→ Work required
The listing, minus its pictures, is to be given again exactly.

→ Data section
________________

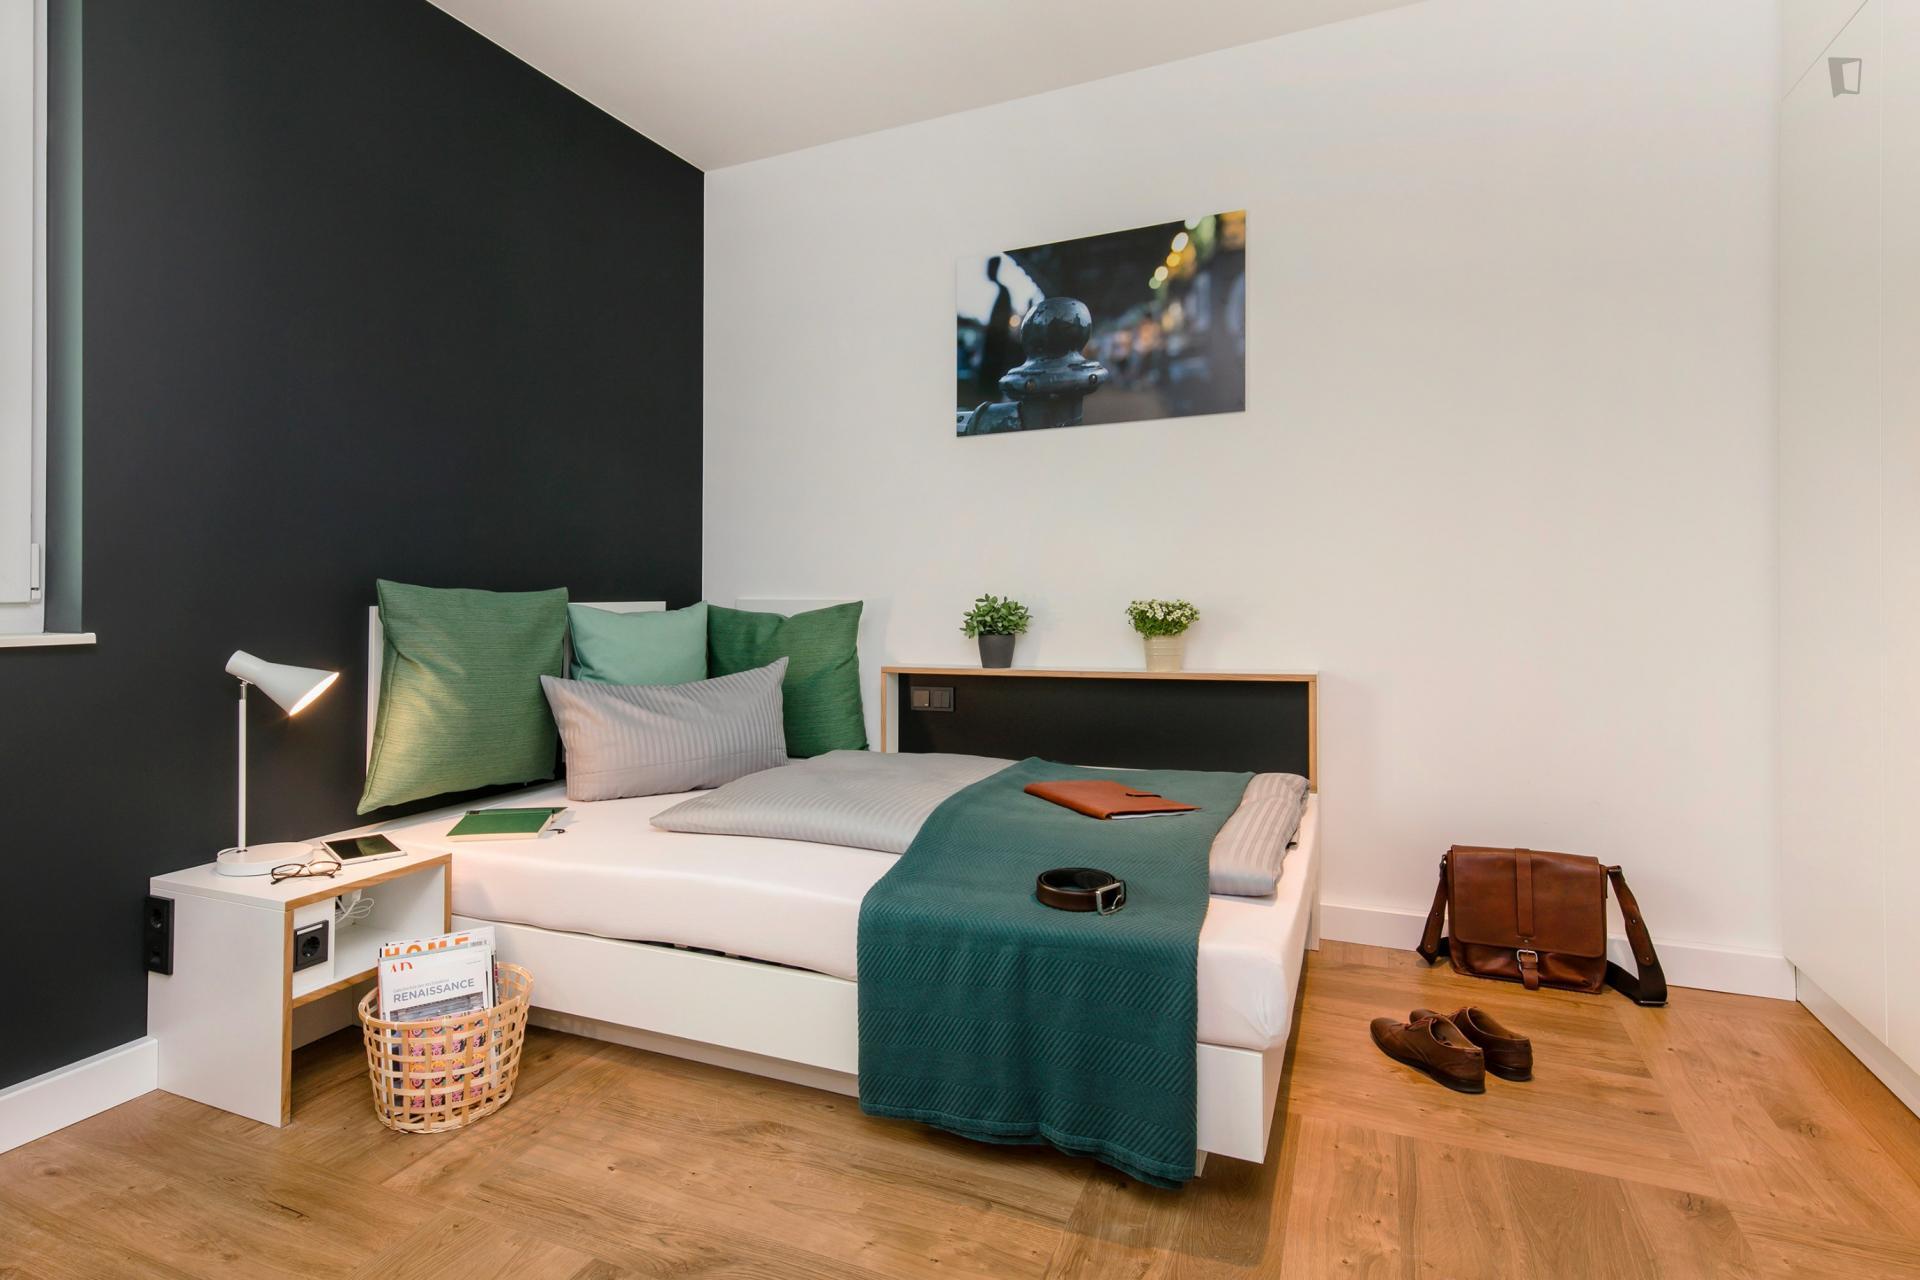 Storkower - Luxury studio in Berlin
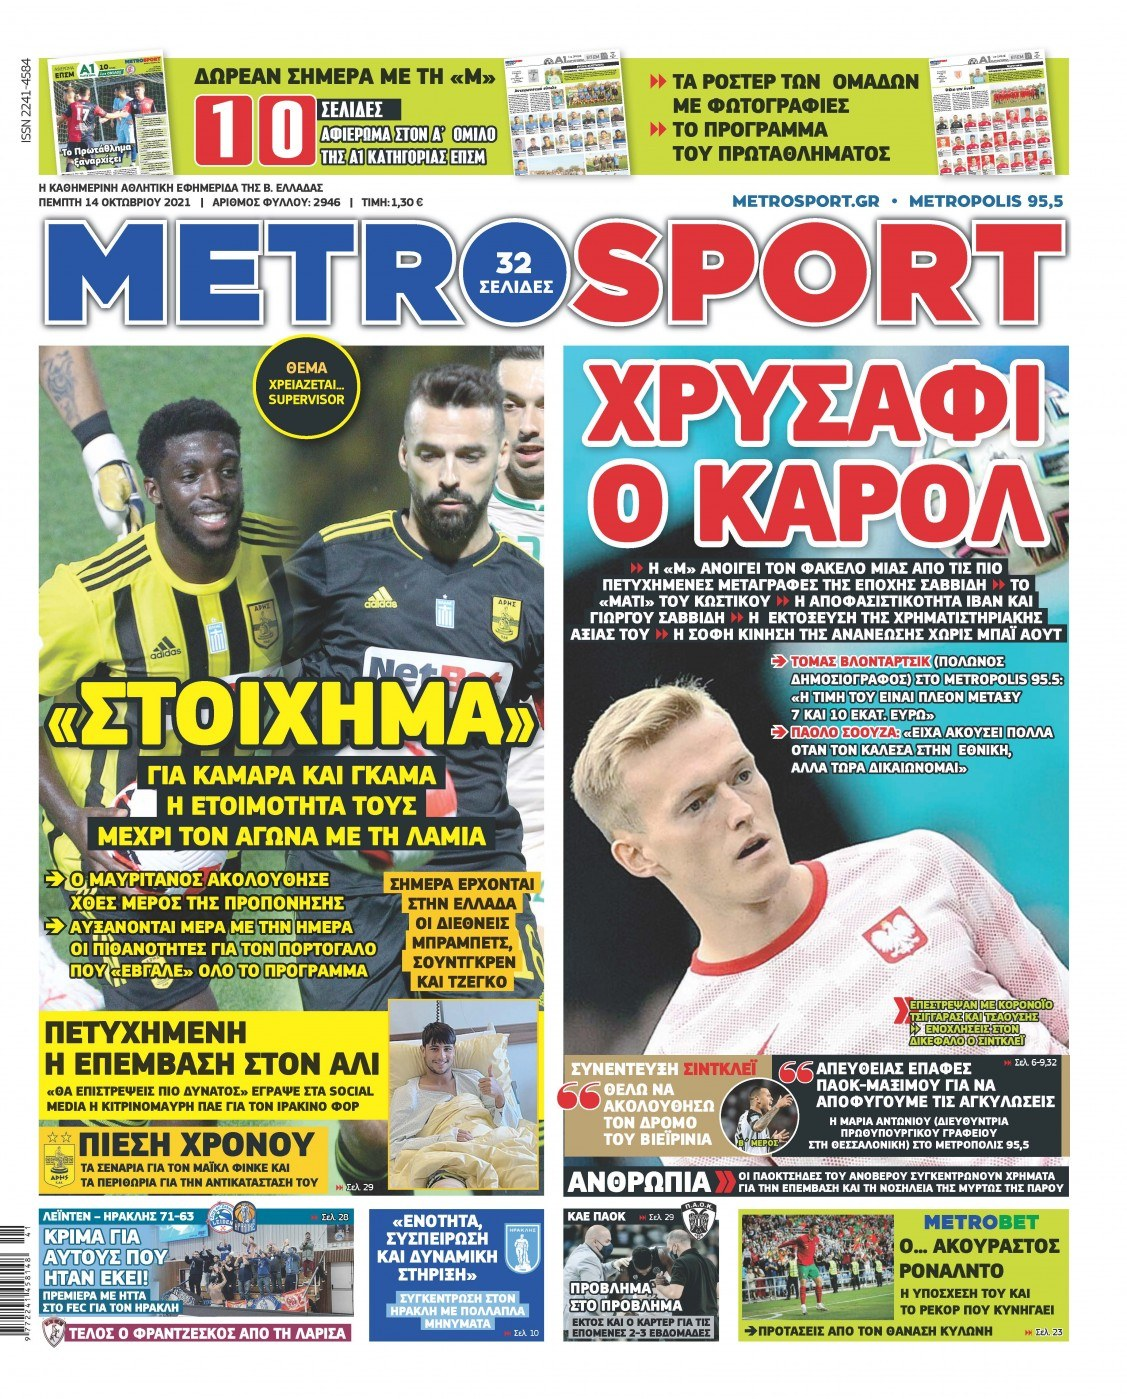 Metrosport 14.10
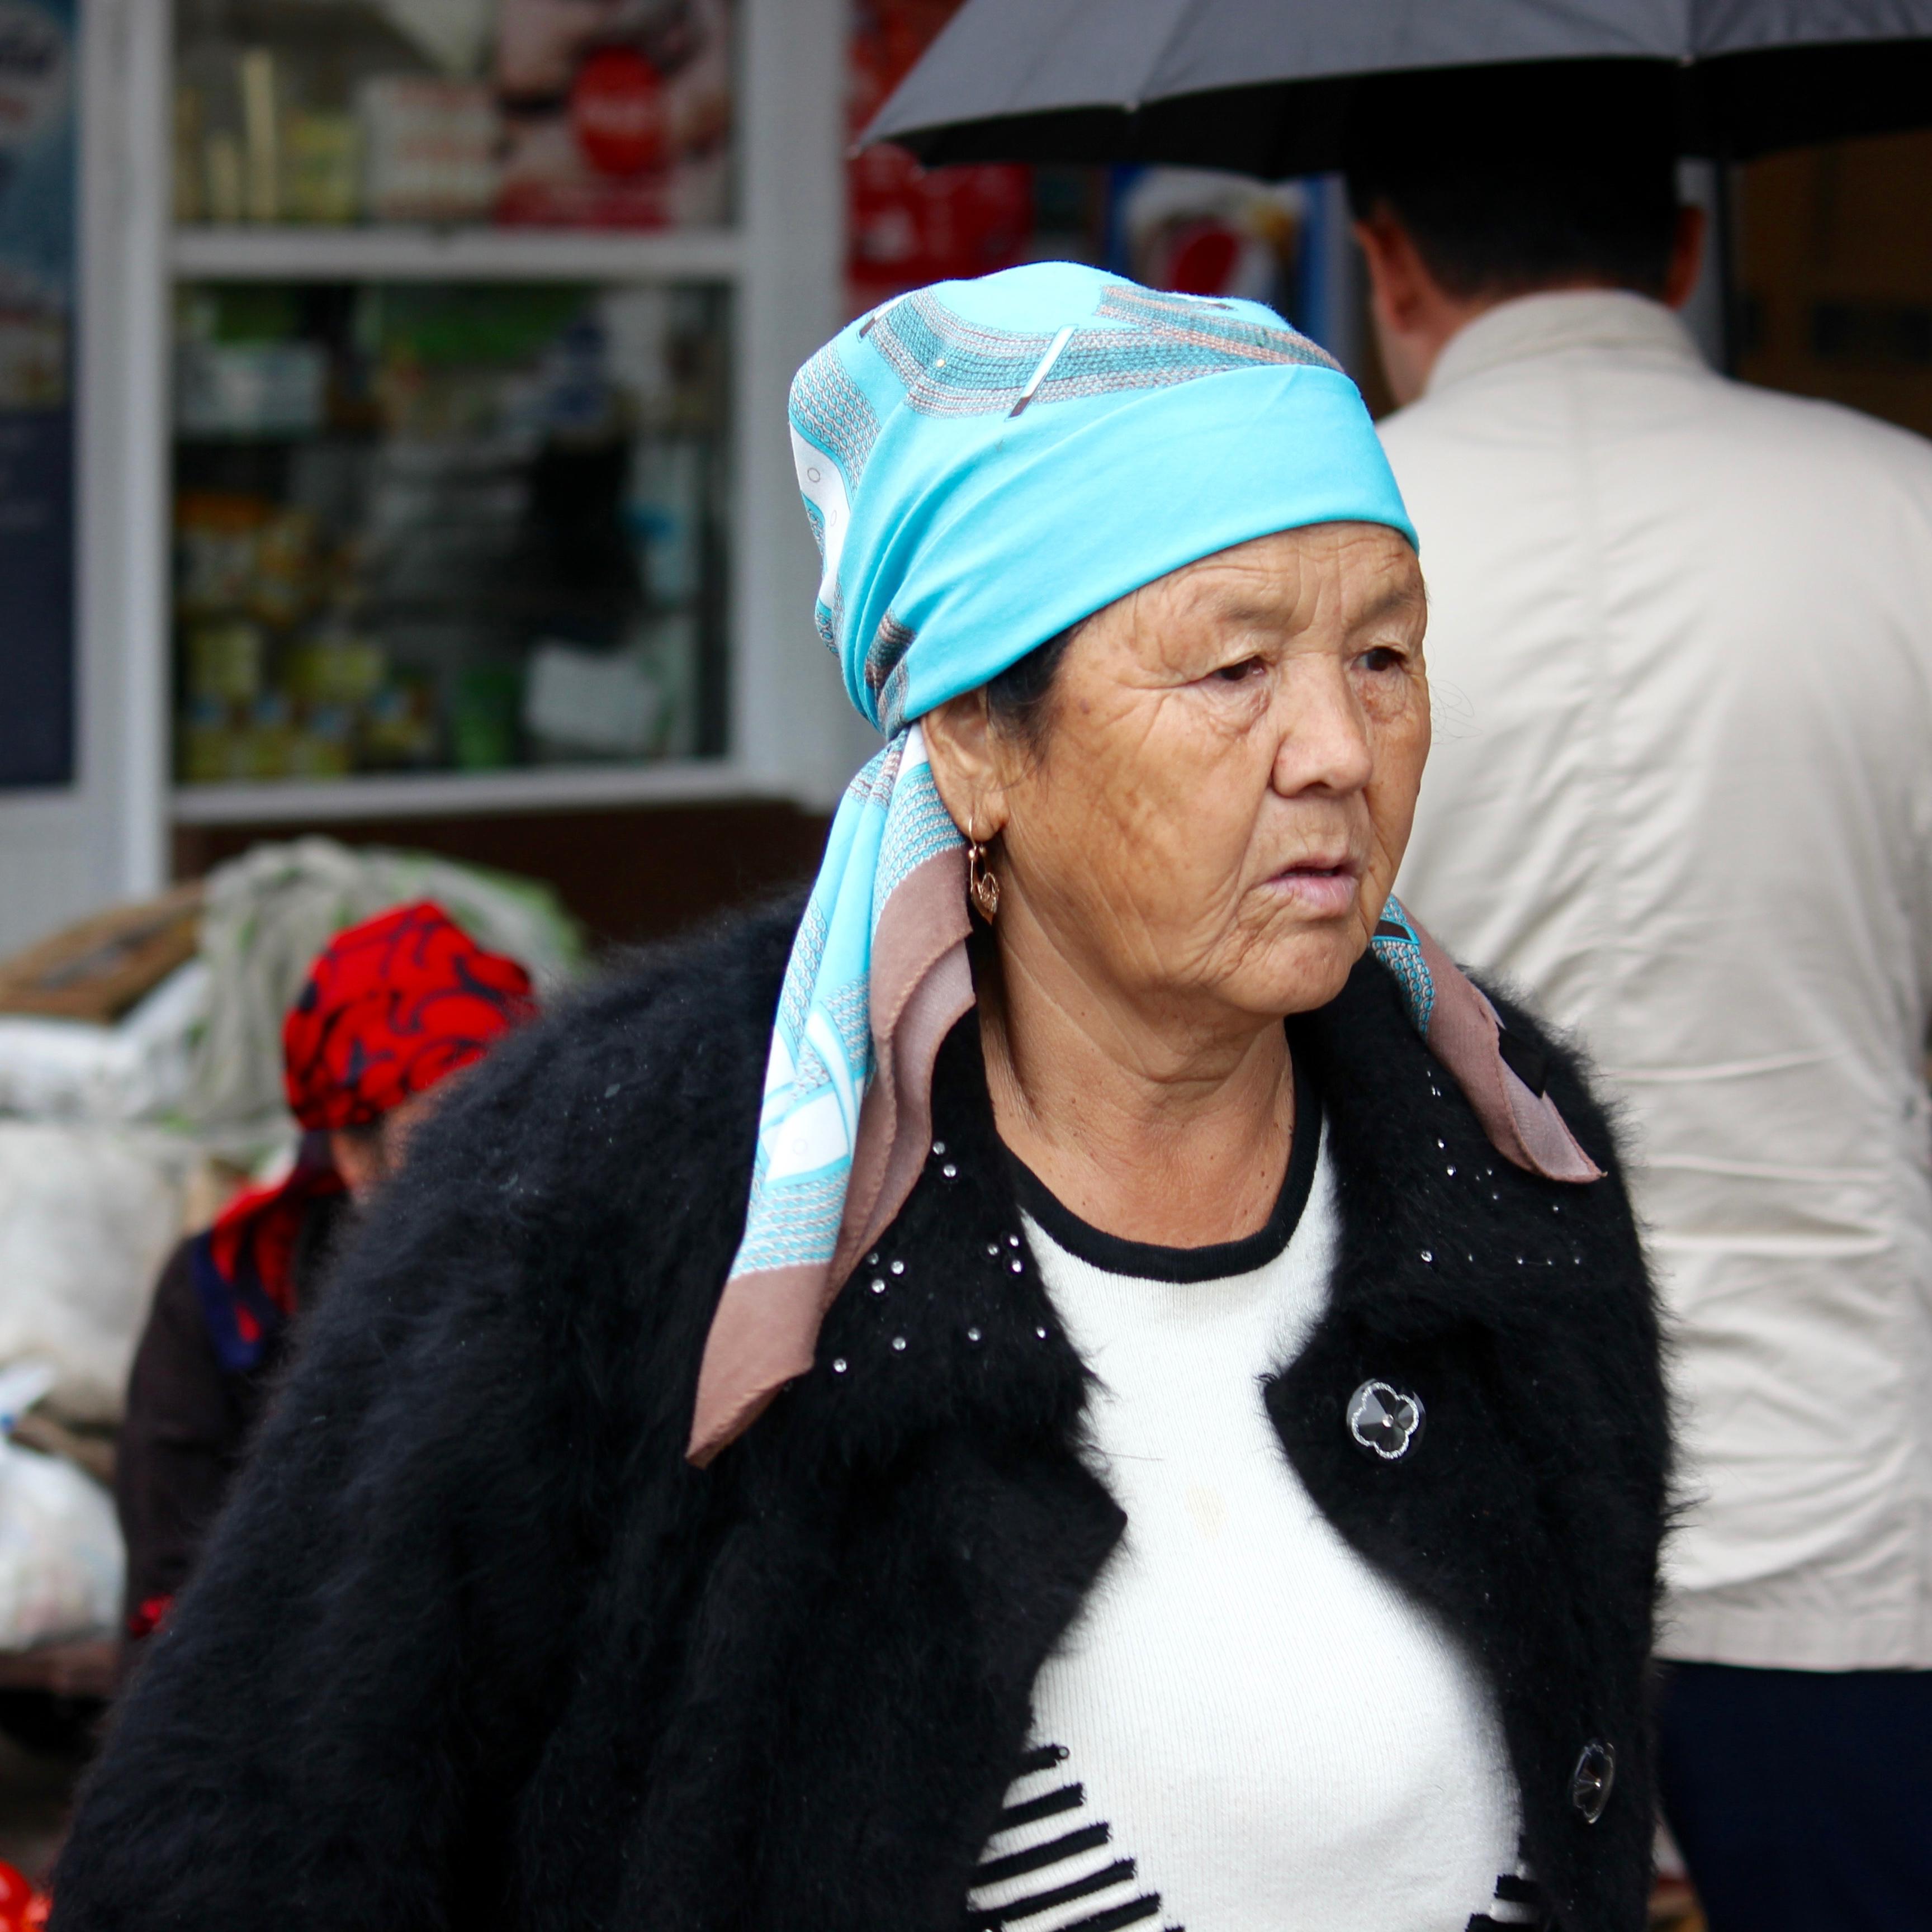 tashkent, uzbekistan - 9

________________

→ Reply
 Storkower - Luxury studio in Berlin
 Metrosport 14.10
 tashkent, uzbekistan - 9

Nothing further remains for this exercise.